■ **Task requirements**: What you return must match the data below exactly, minus any pictures.

■ **Provided material**:
__________
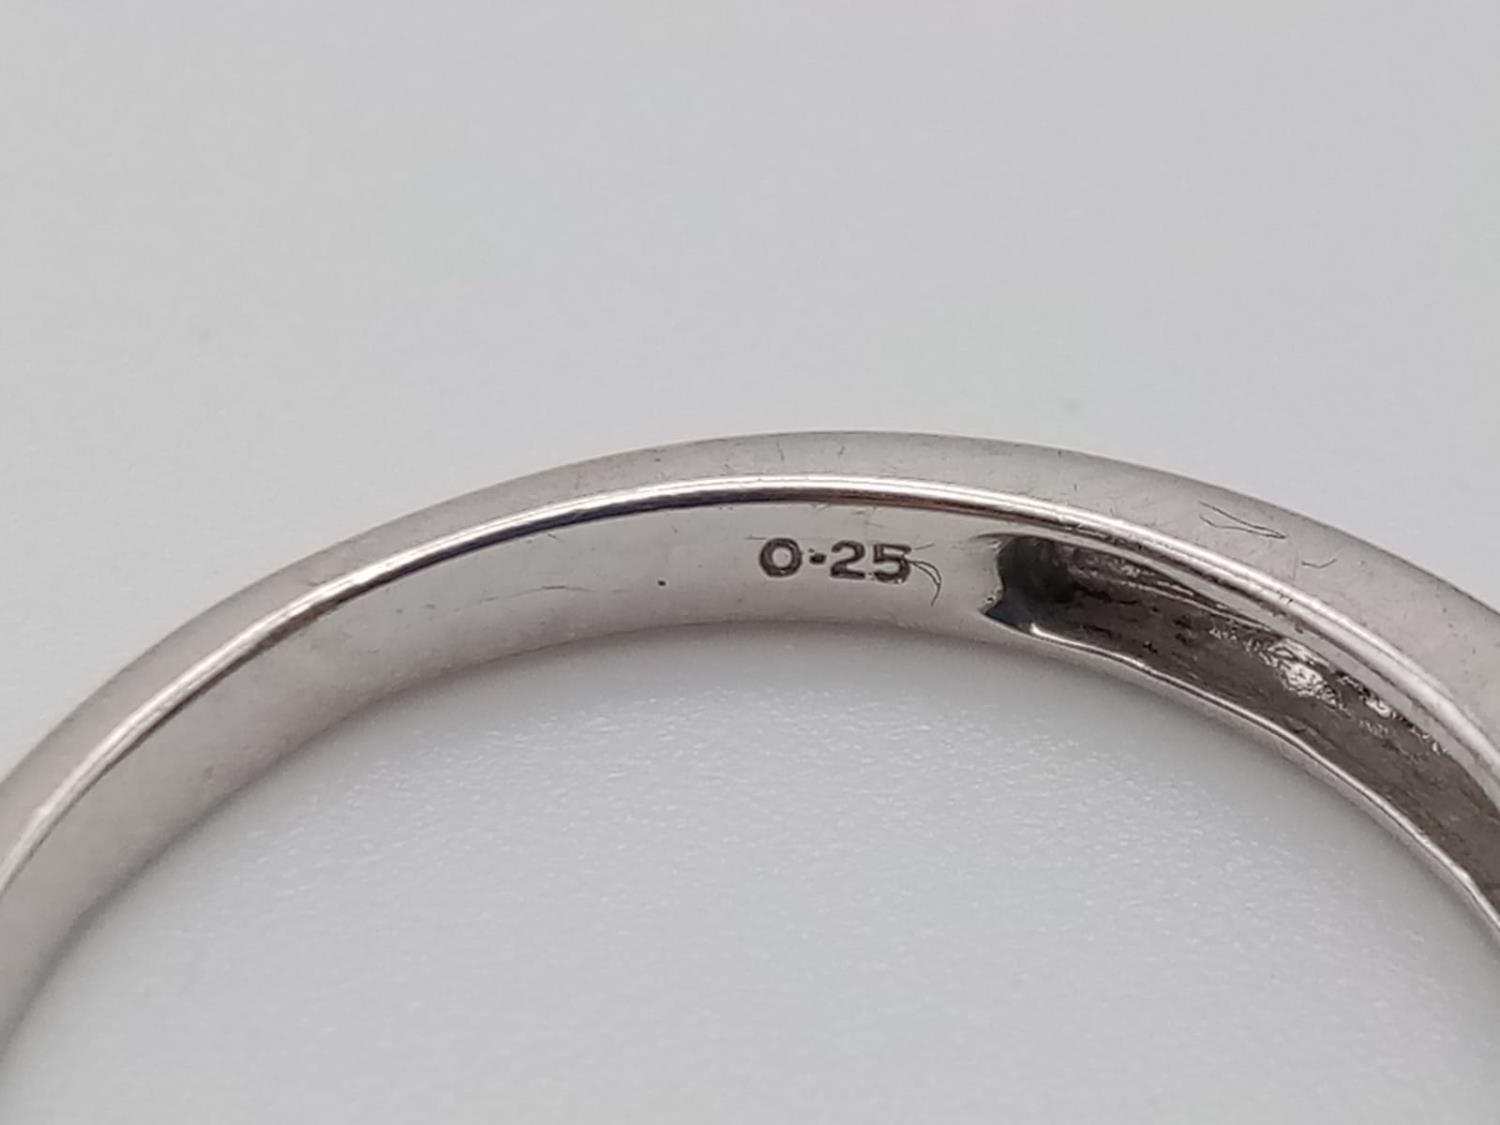 9k white gold half eternity ring, 2.4g weight and approx 0.25ct diamonds - Image 4 of 5
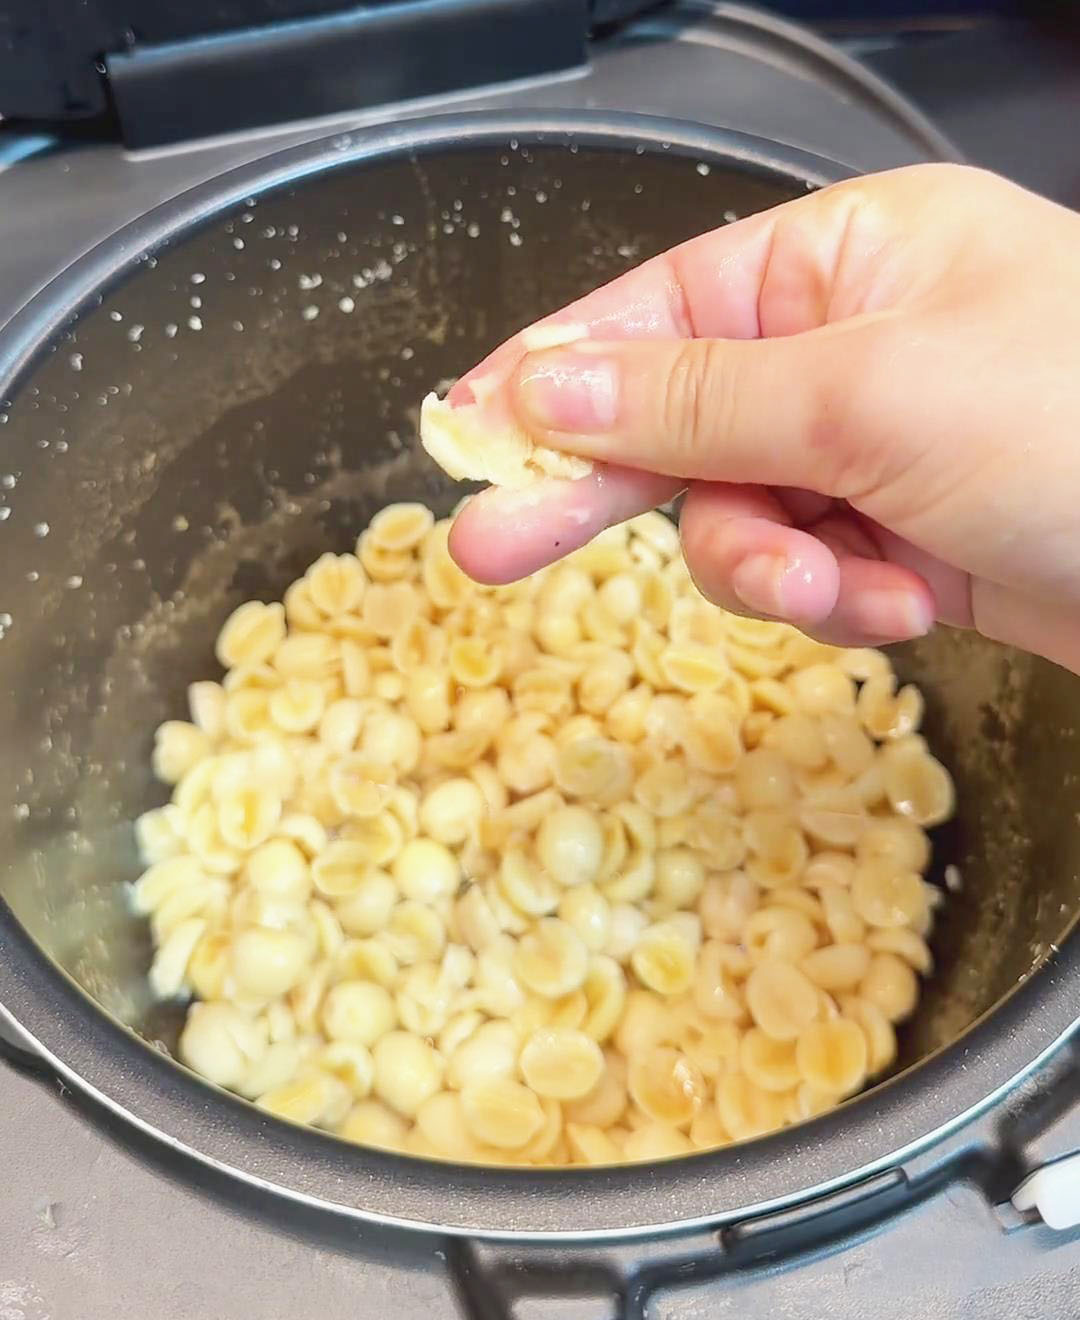 Cook the lotus seeds until they become soft enough to be easily mashed with your hands
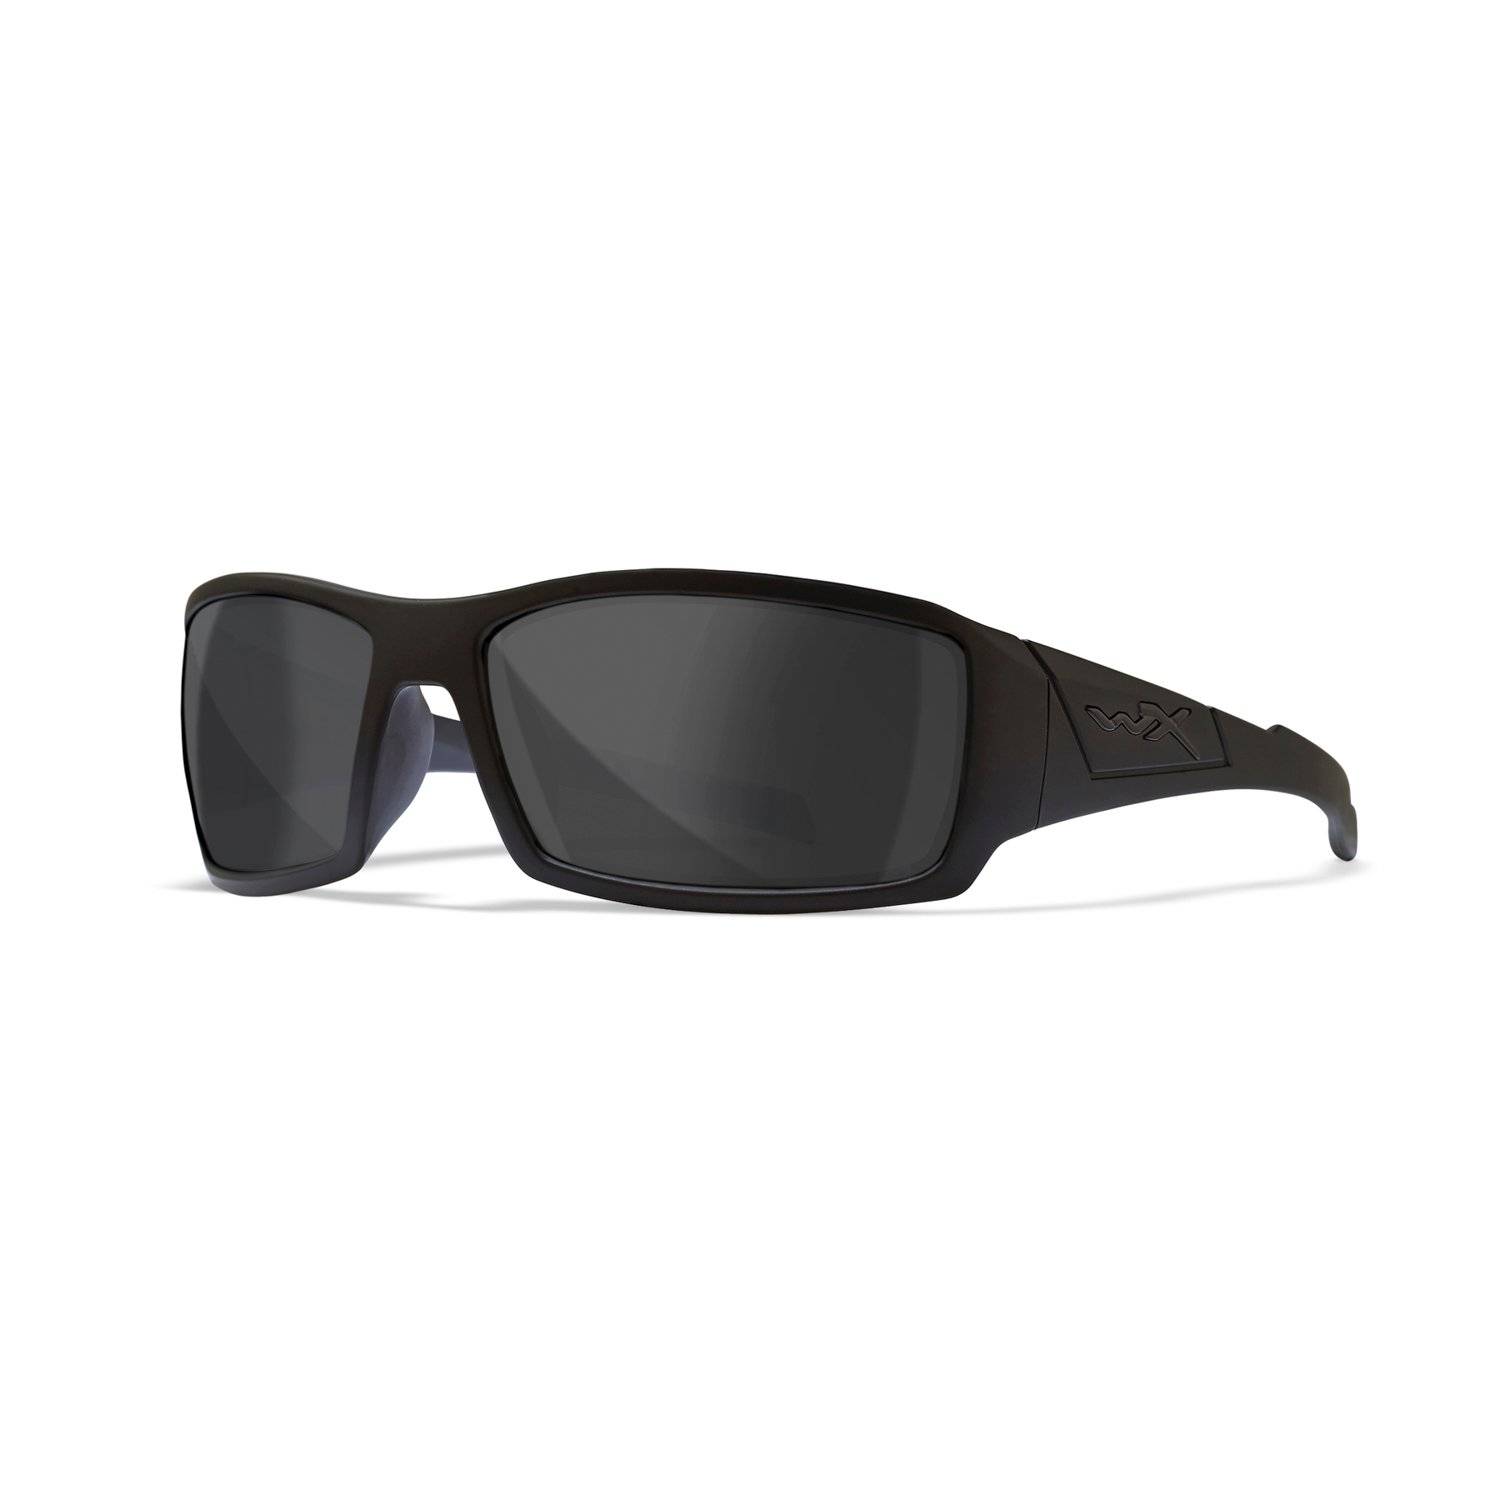 WILEY X WX TWISTED SUNGLASSES
__________
■ **Output of the task**:
 9k white gold half eternity ring, 2.4g weight and approx 0.25ct diamonds - Image 4 of 5
 Cook the lotus seeds until they become soft enough to be easily mashed with your hands
 WILEY X WX TWISTED SUNGLASSES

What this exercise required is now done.